- _Given information_:
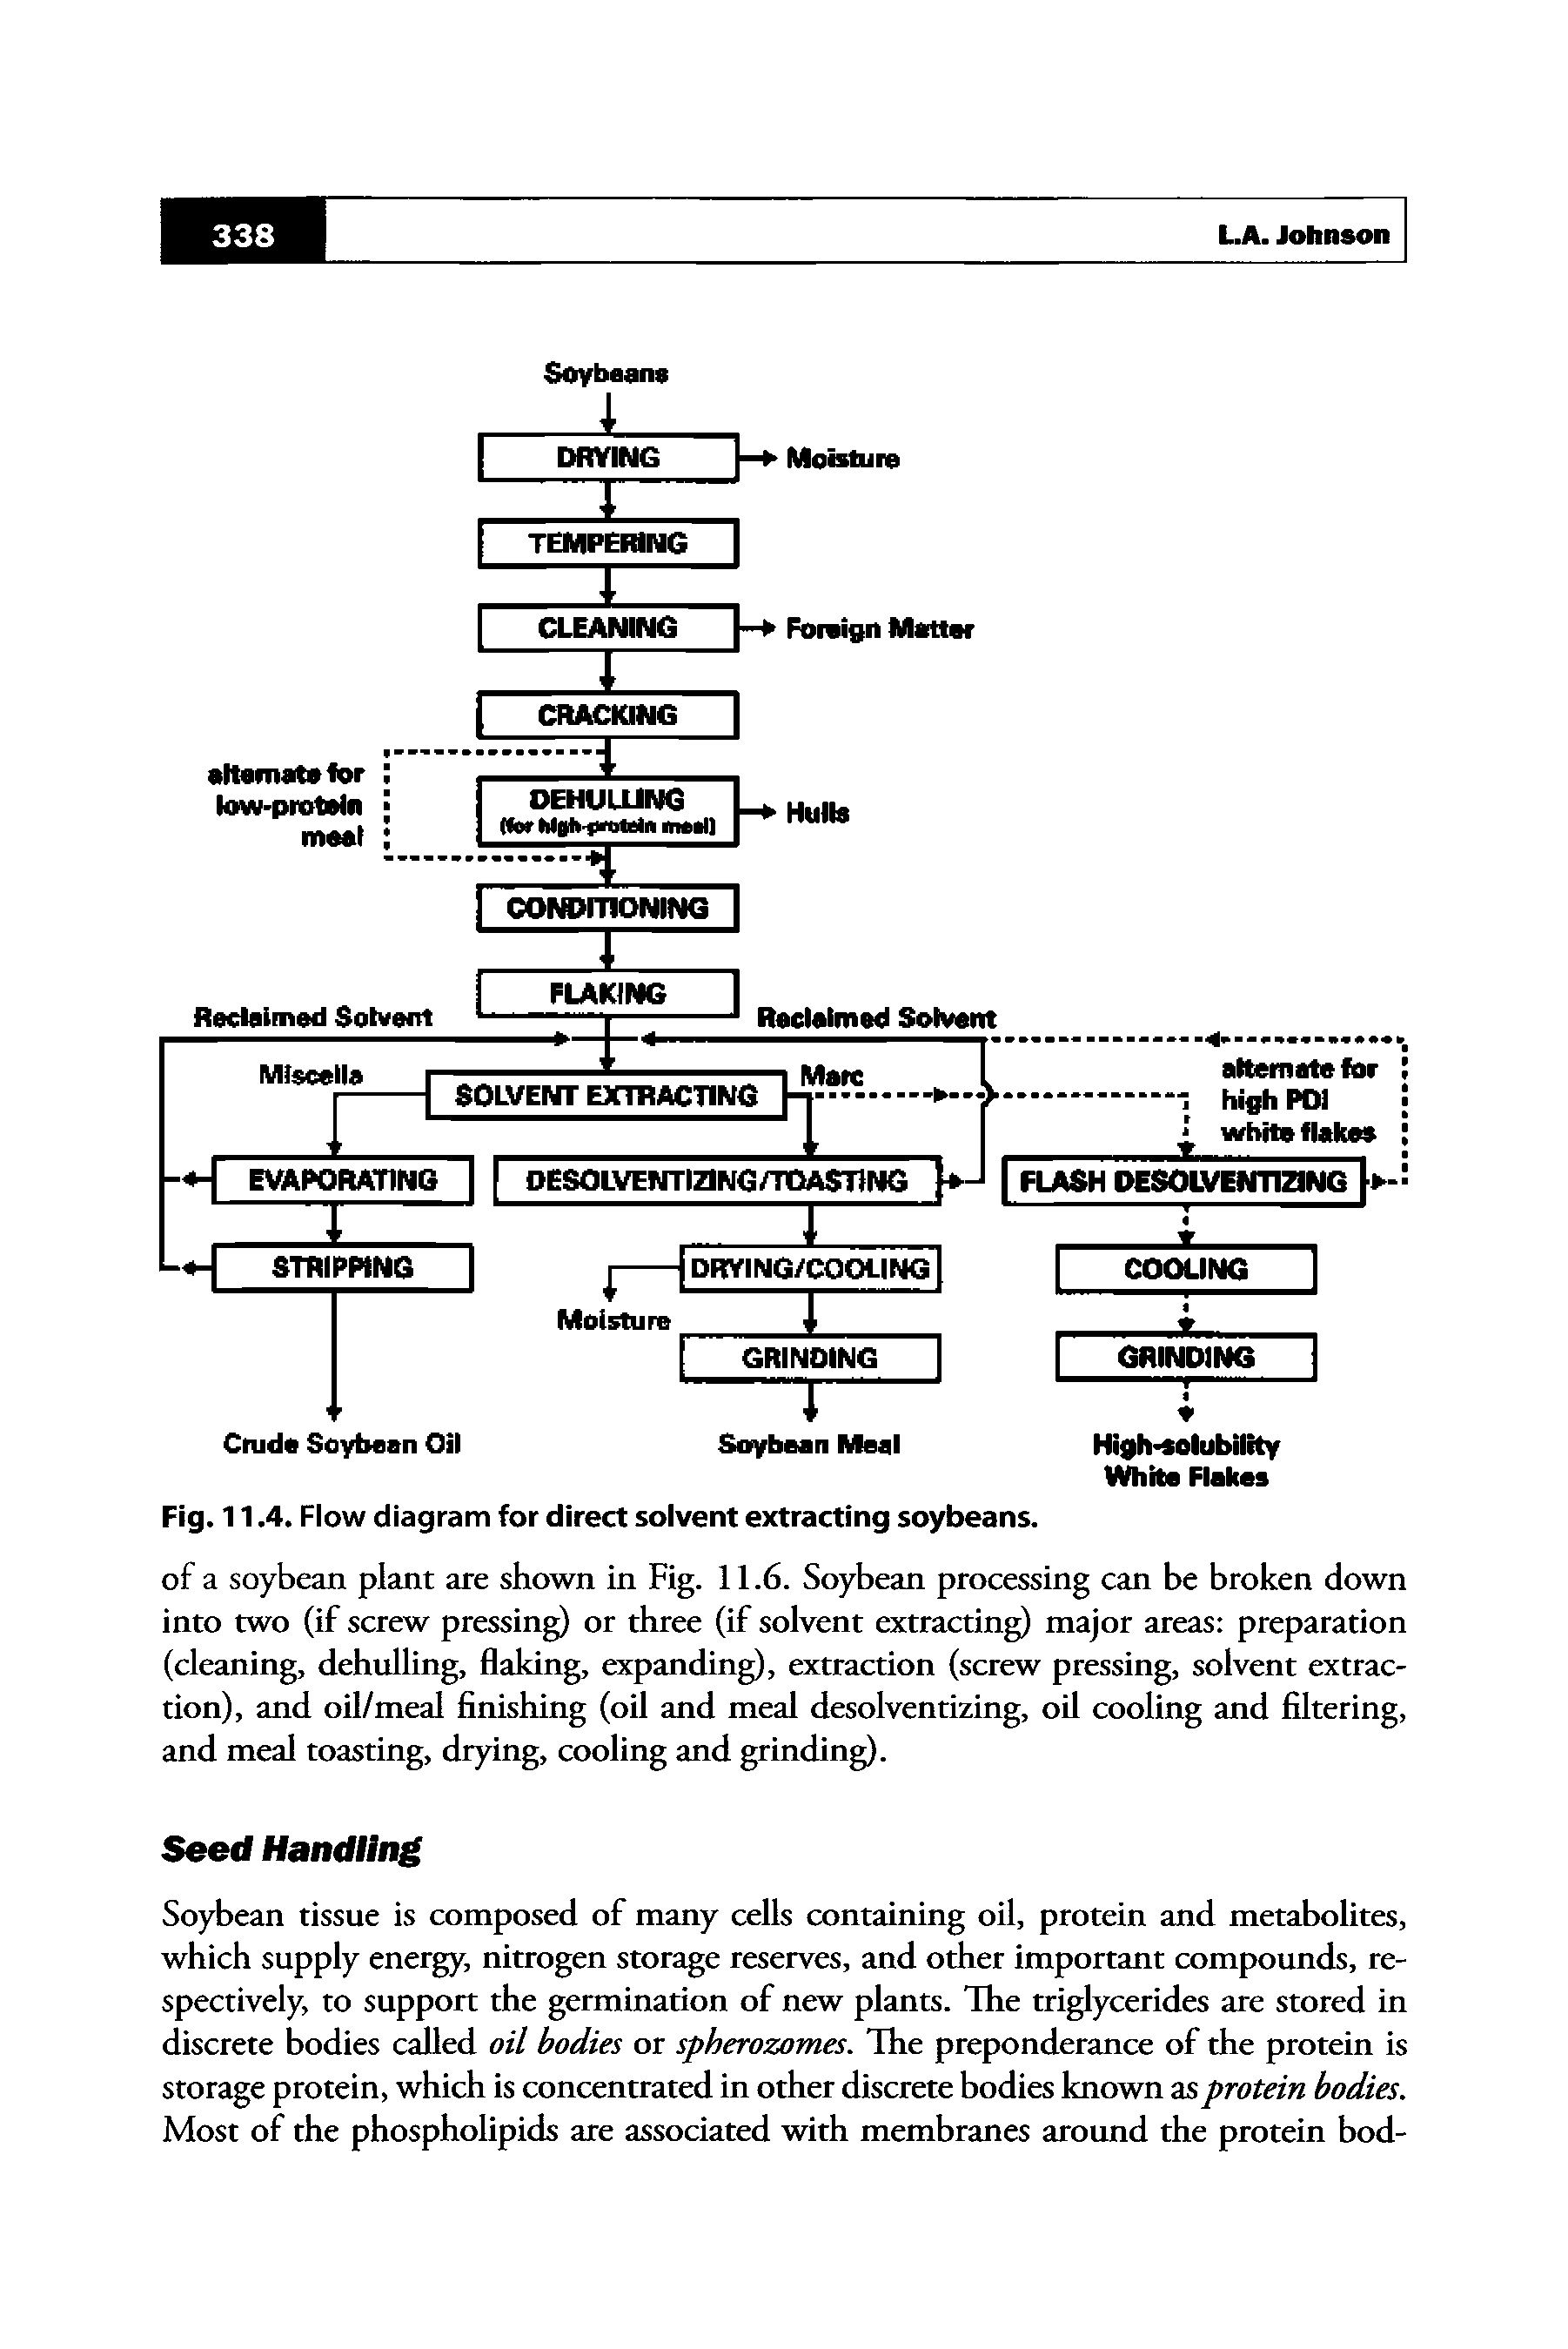 Fig. 11.4. Flow diagram for direct soivent extracting soybeans.
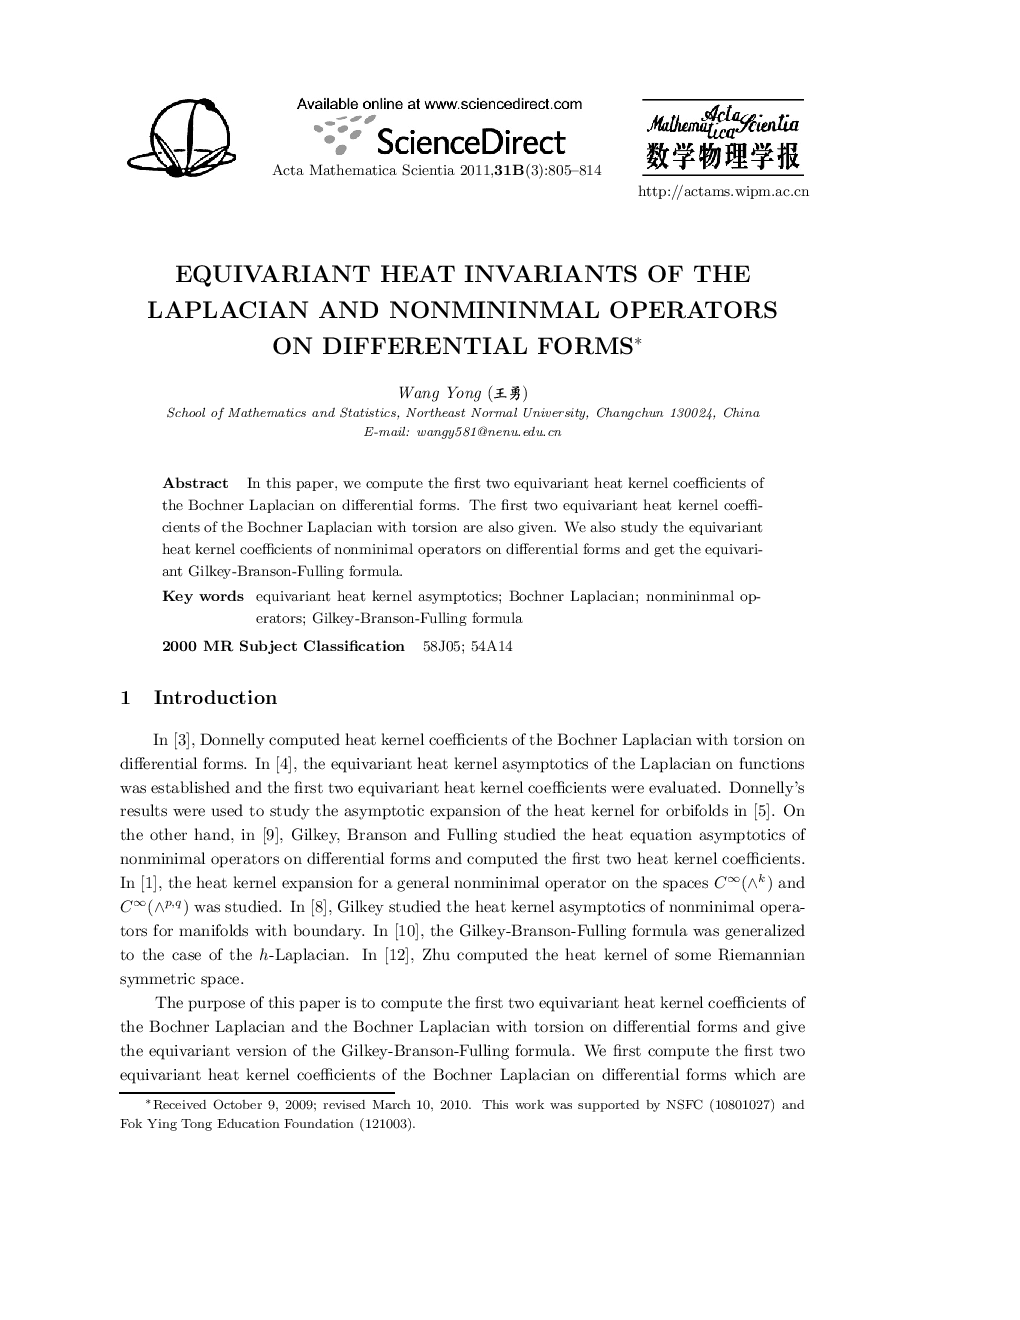 Equivariant heat invariants of the laplacian and nonmininmal operators on differential forms 
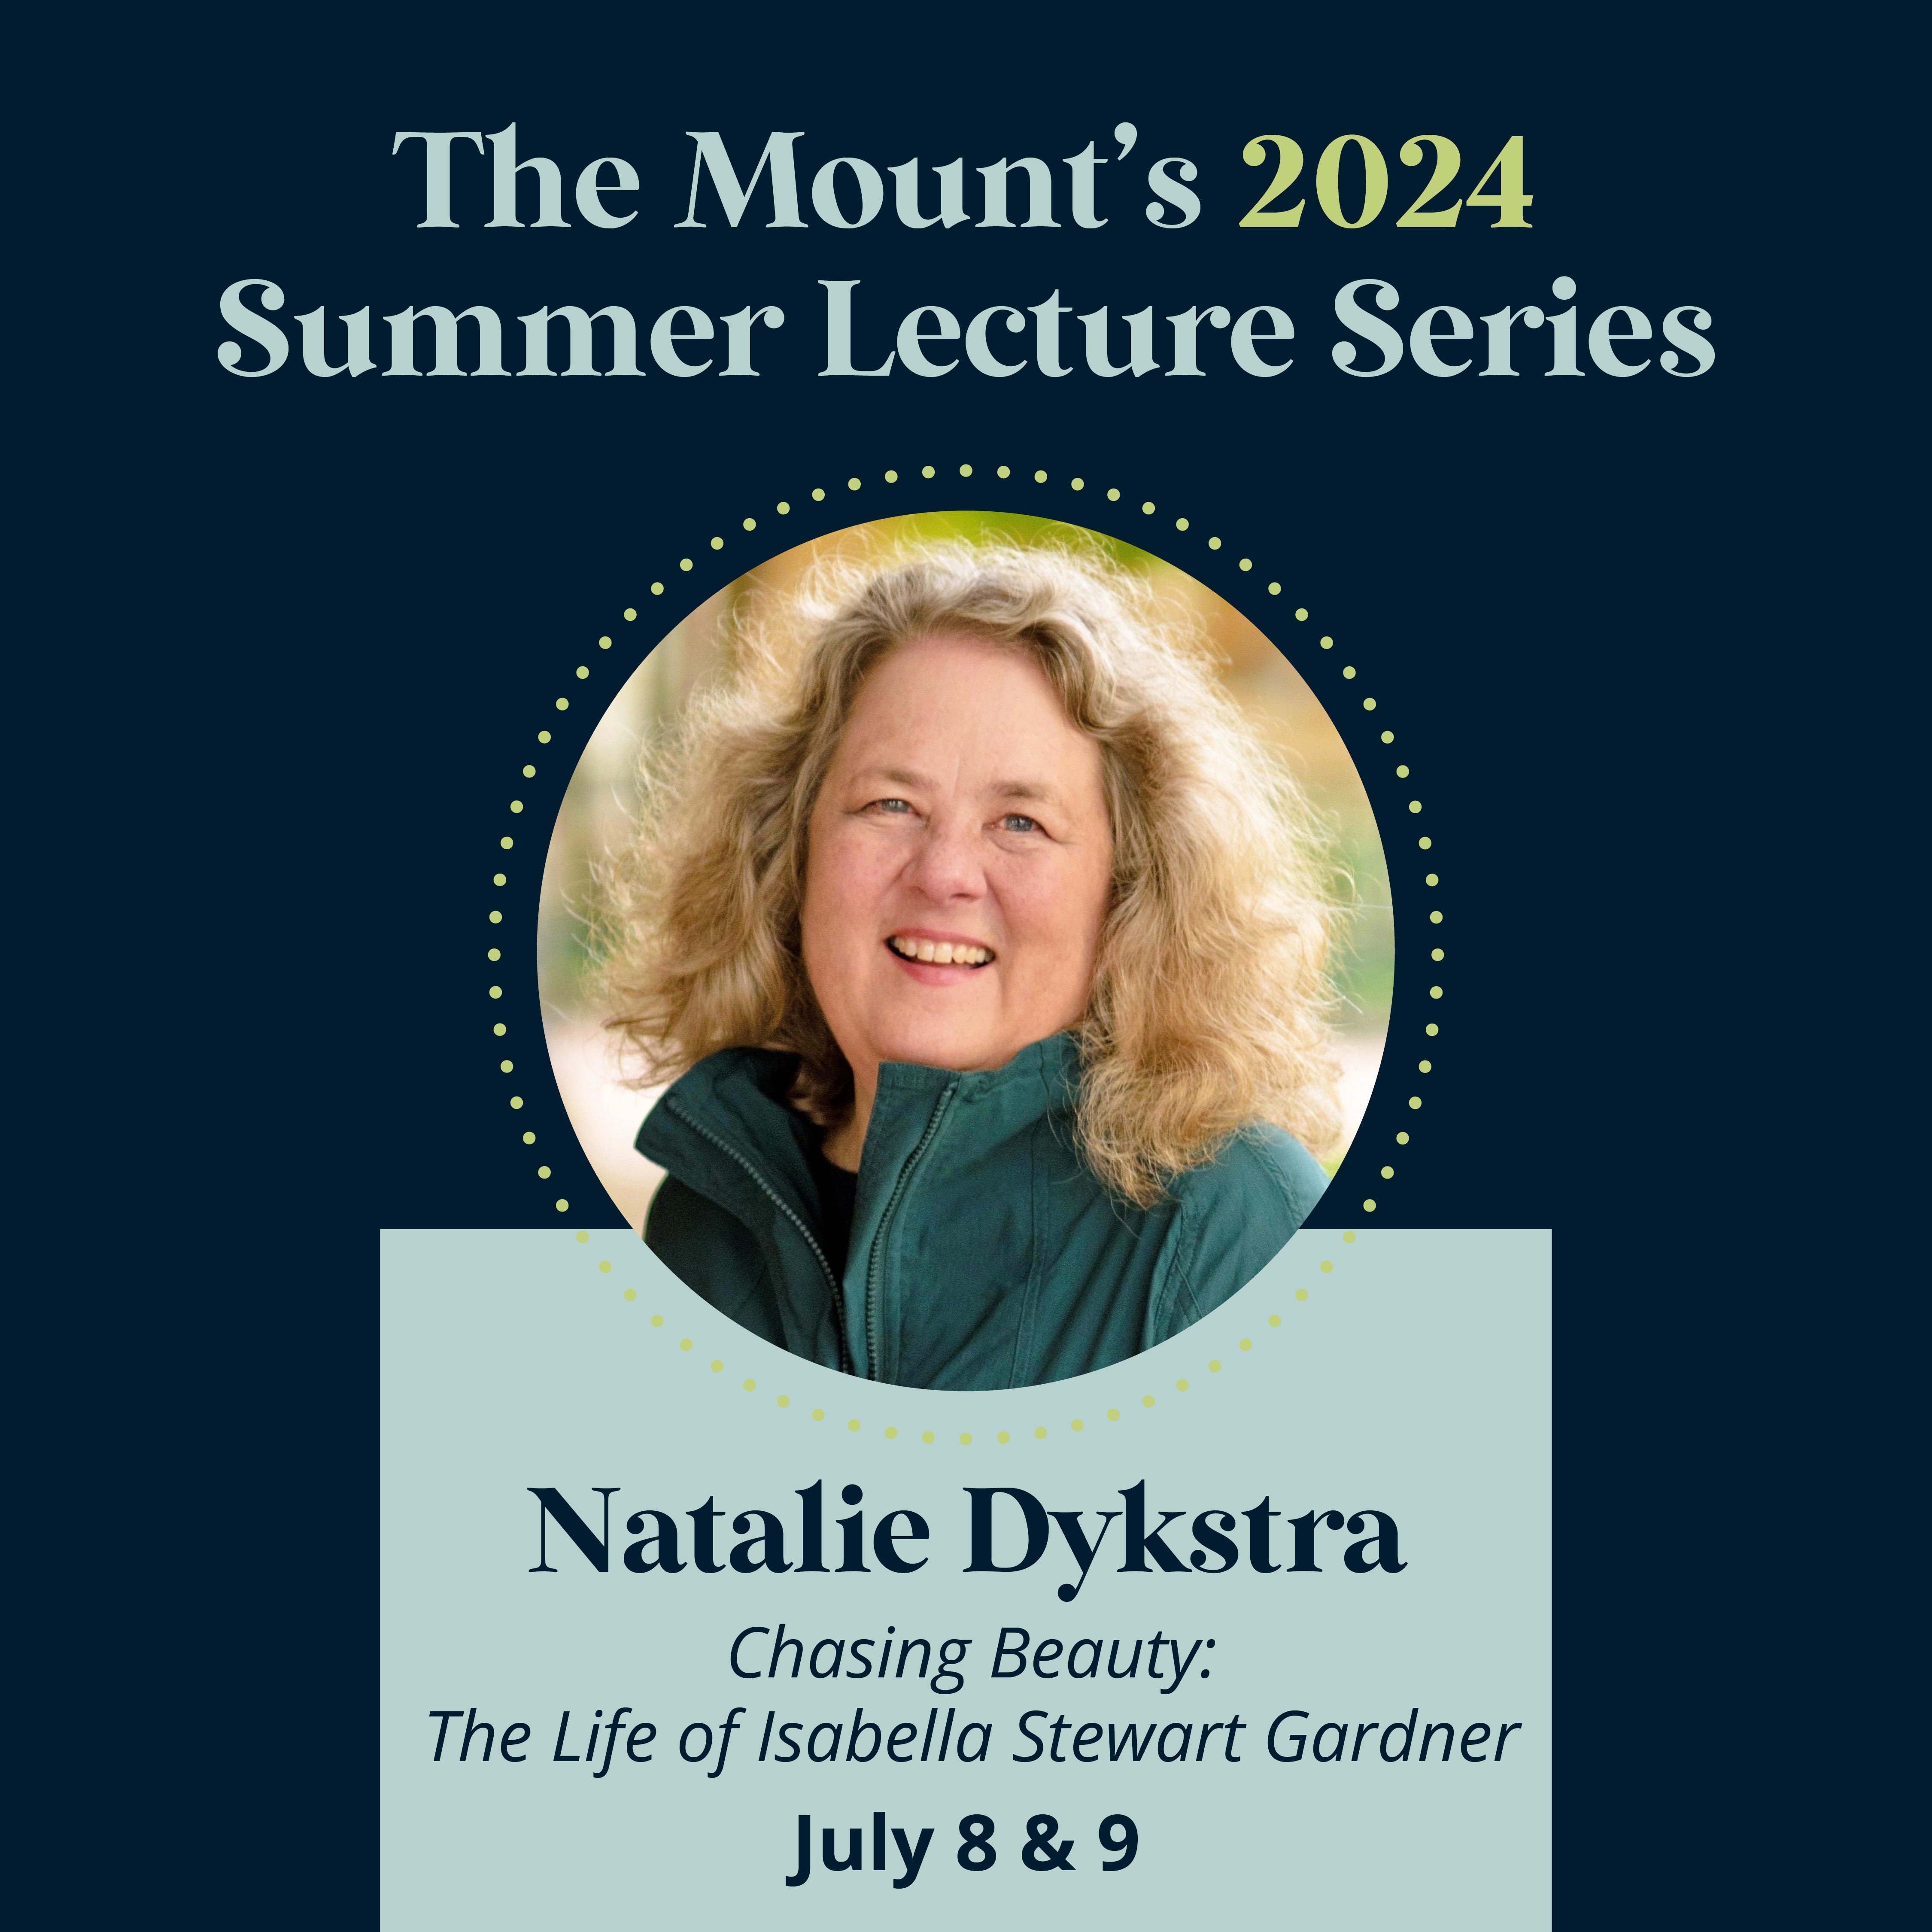 Monday lecture with Natalie Dykstra

- _Task instructions_: Reproduce every line of the data above, exactly as it stands, but not the pictures.

- _Solution to this exercise_:
 Fig. 11.4. Flow diagram for direct soivent extracting soybeans.
 Equivariant heat invariants of the laplacian and nonmininmal operators on differential forms 
 Monday lecture with Natalie Dykstra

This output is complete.